— INFORMATION SHOWN —
- - - - - - -
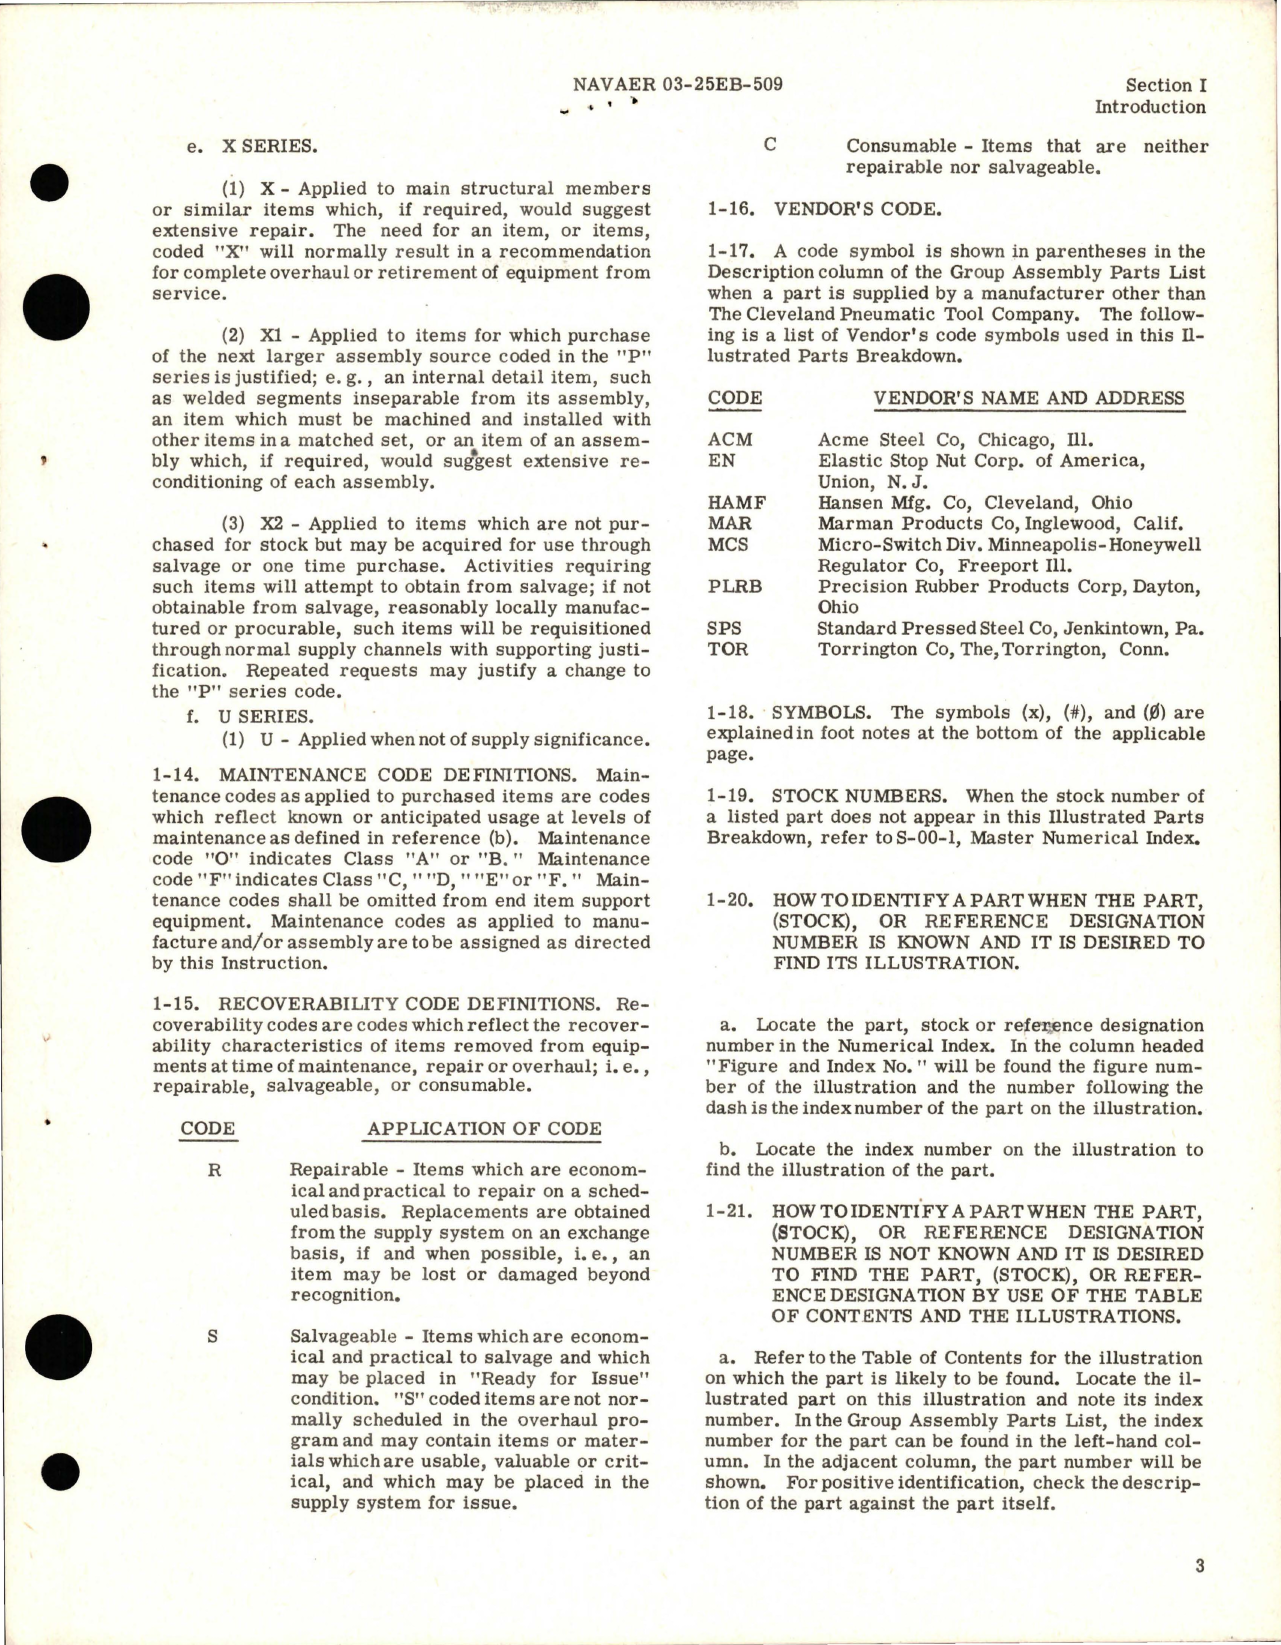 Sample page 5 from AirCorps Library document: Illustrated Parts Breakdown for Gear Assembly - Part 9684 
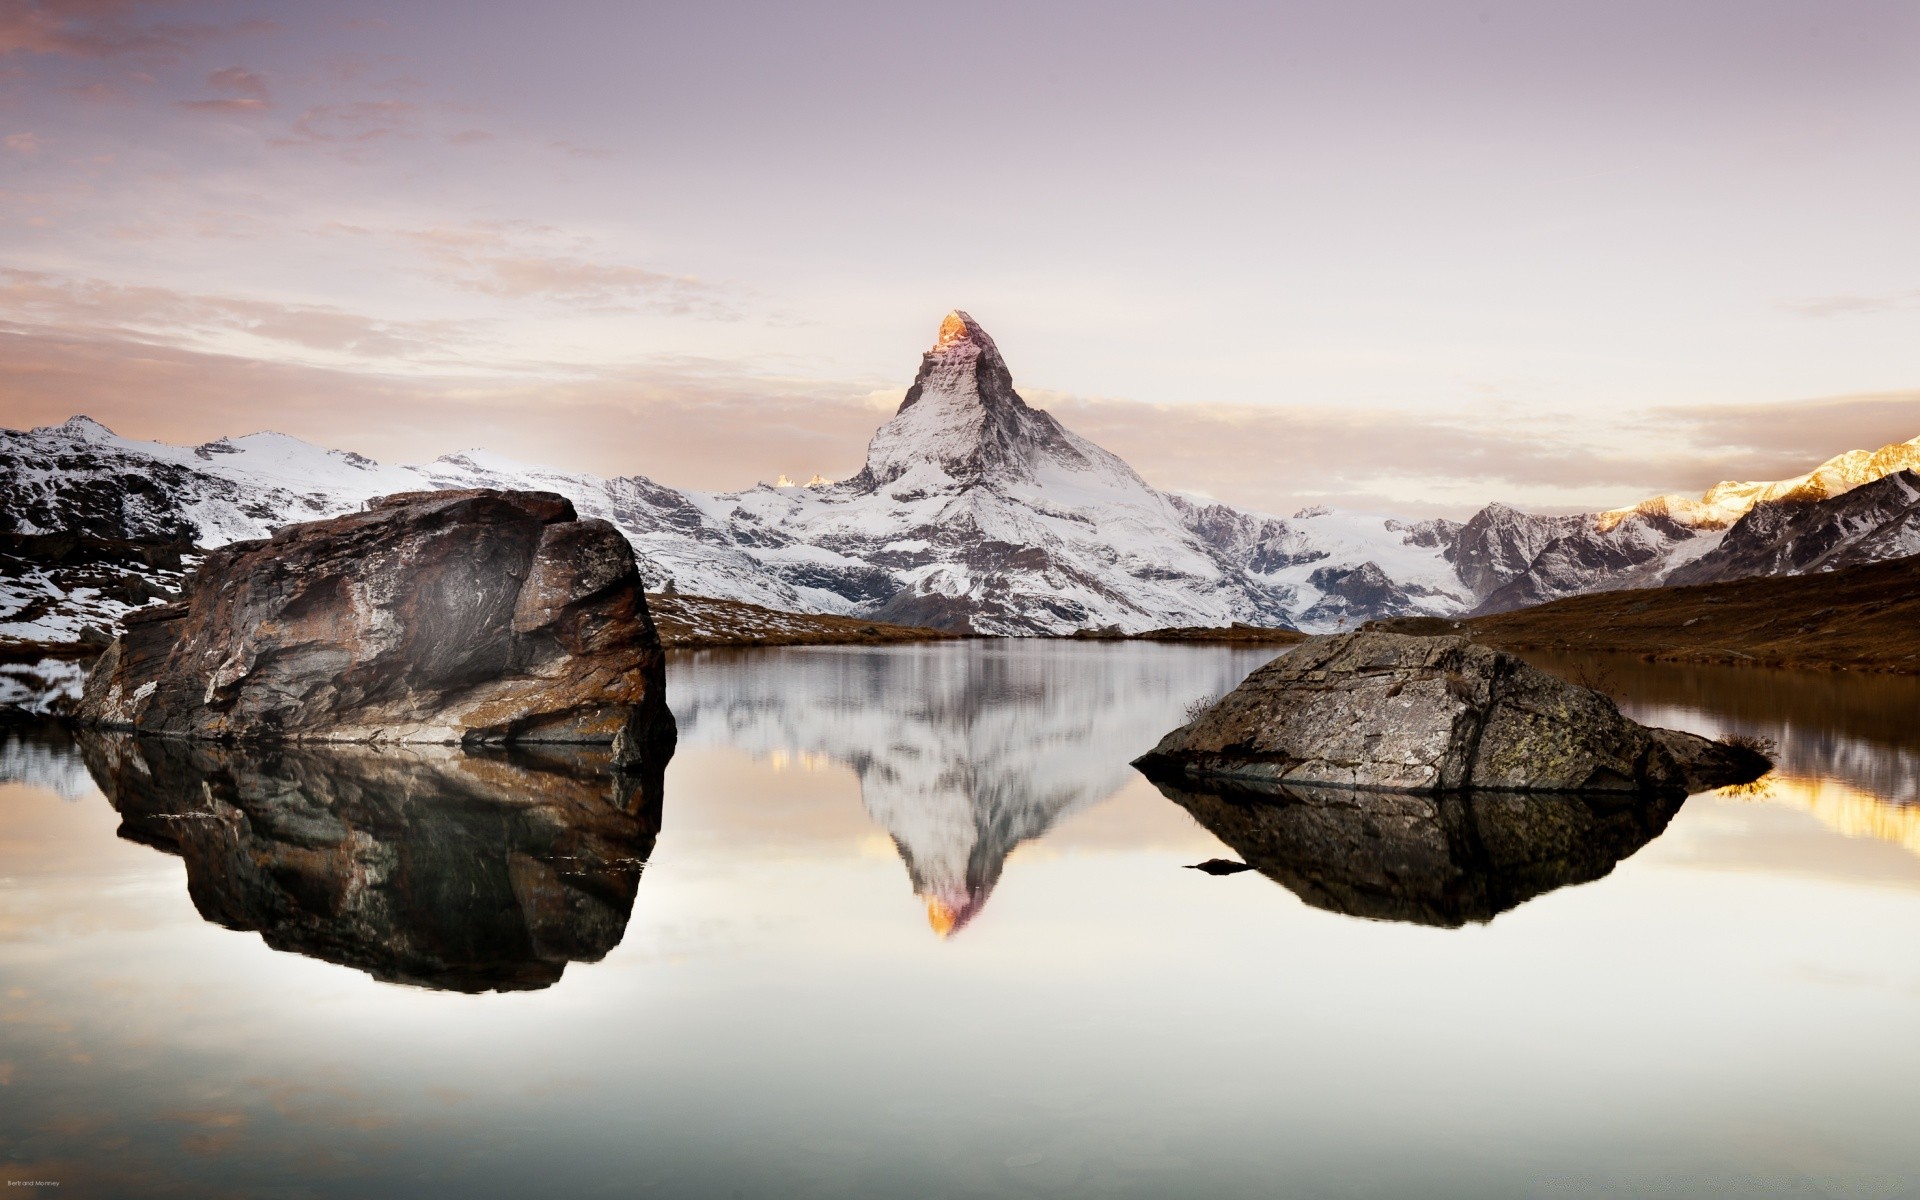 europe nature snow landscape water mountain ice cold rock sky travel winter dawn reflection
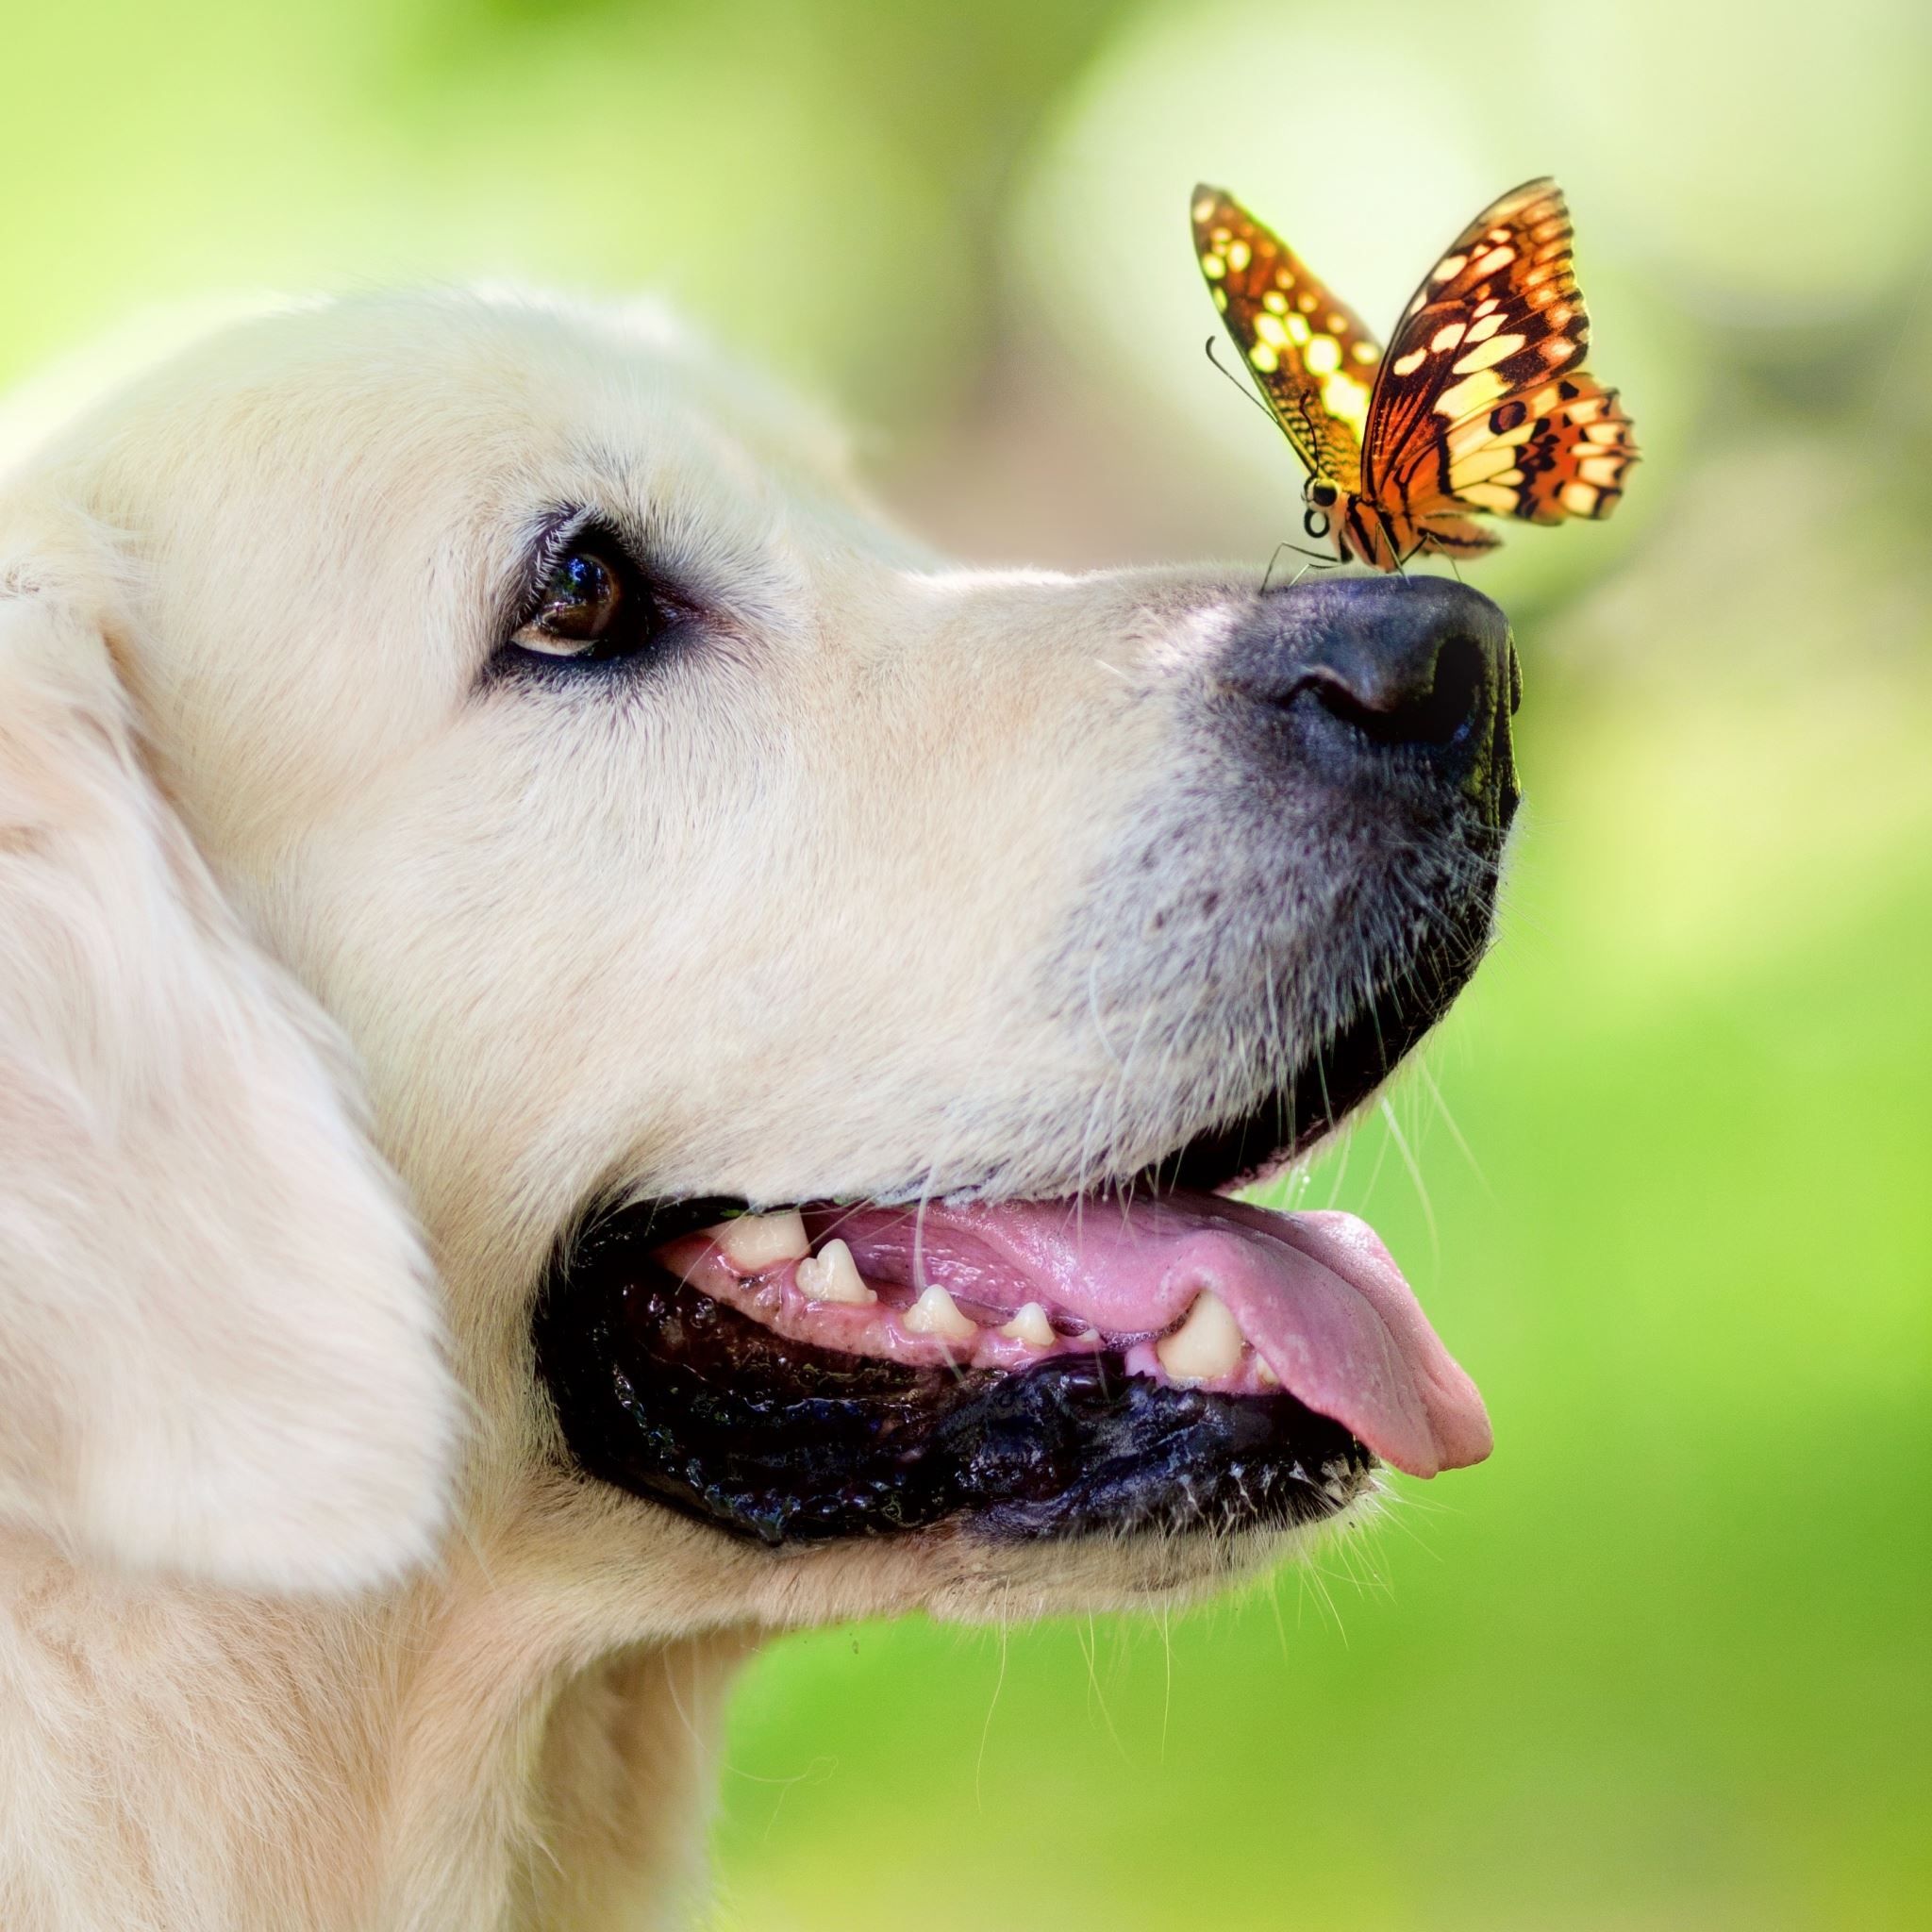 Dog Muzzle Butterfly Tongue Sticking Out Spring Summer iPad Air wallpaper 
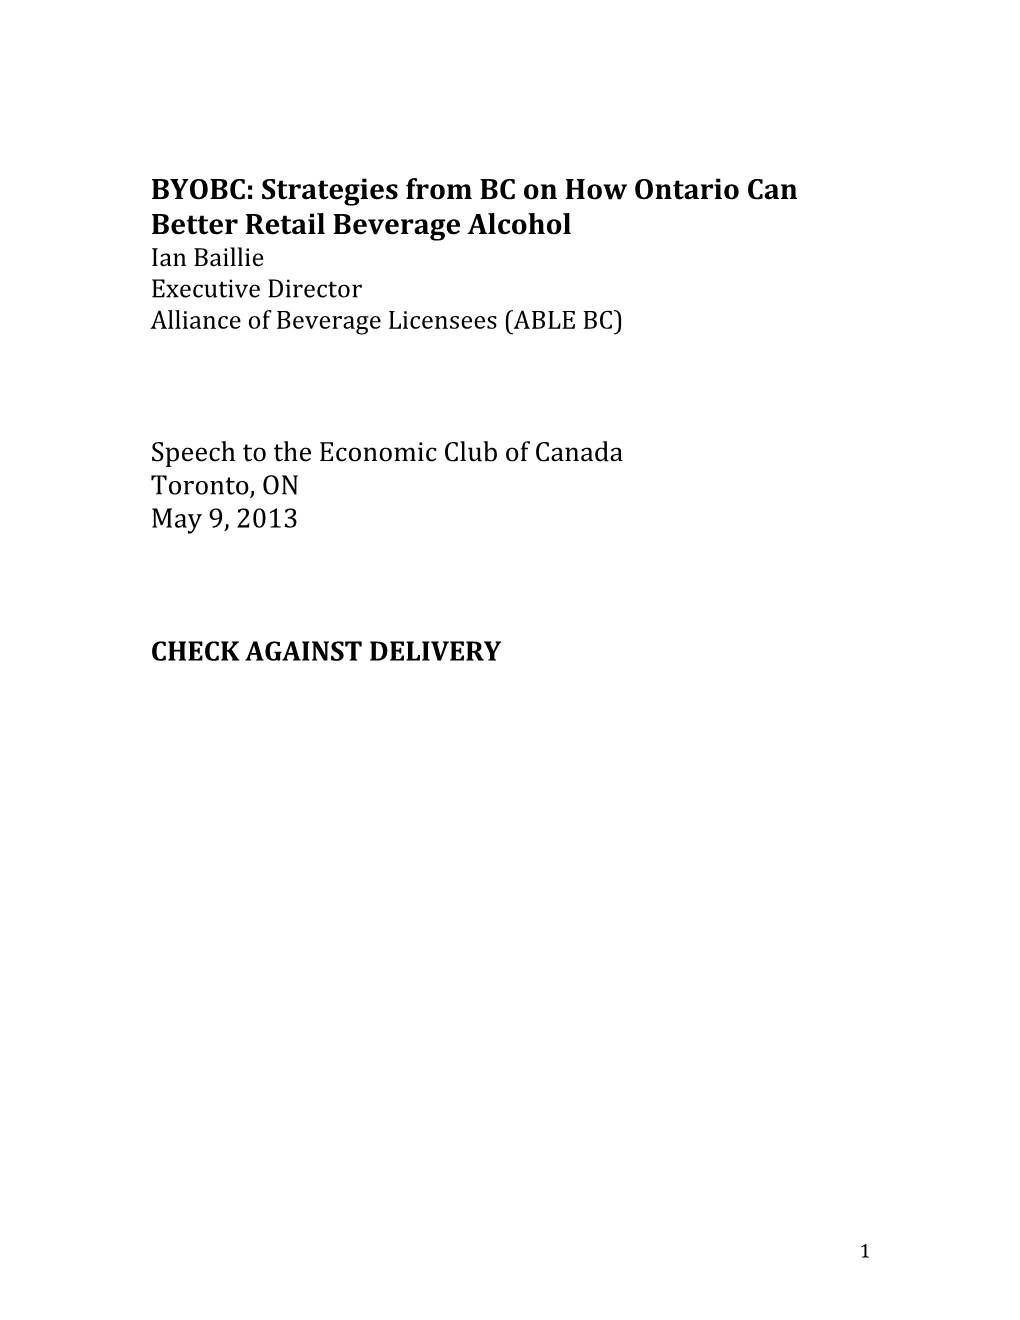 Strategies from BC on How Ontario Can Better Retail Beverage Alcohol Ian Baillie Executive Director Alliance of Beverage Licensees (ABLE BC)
- - - - - - -
Text only, no pictures: please print exactly the lines above from the line with "europe nature snow" up to and including the line with "Dog Muzzle Butterfly", and nothing else.

— PROBLEM SOLUTION —
 europe nature snow landscape water mountain ice cold rock sky travel winter dawn reflection
 Dog Muzzle Butterfly Tongue Sticking Out Spring Summer iPad Air wallpaper 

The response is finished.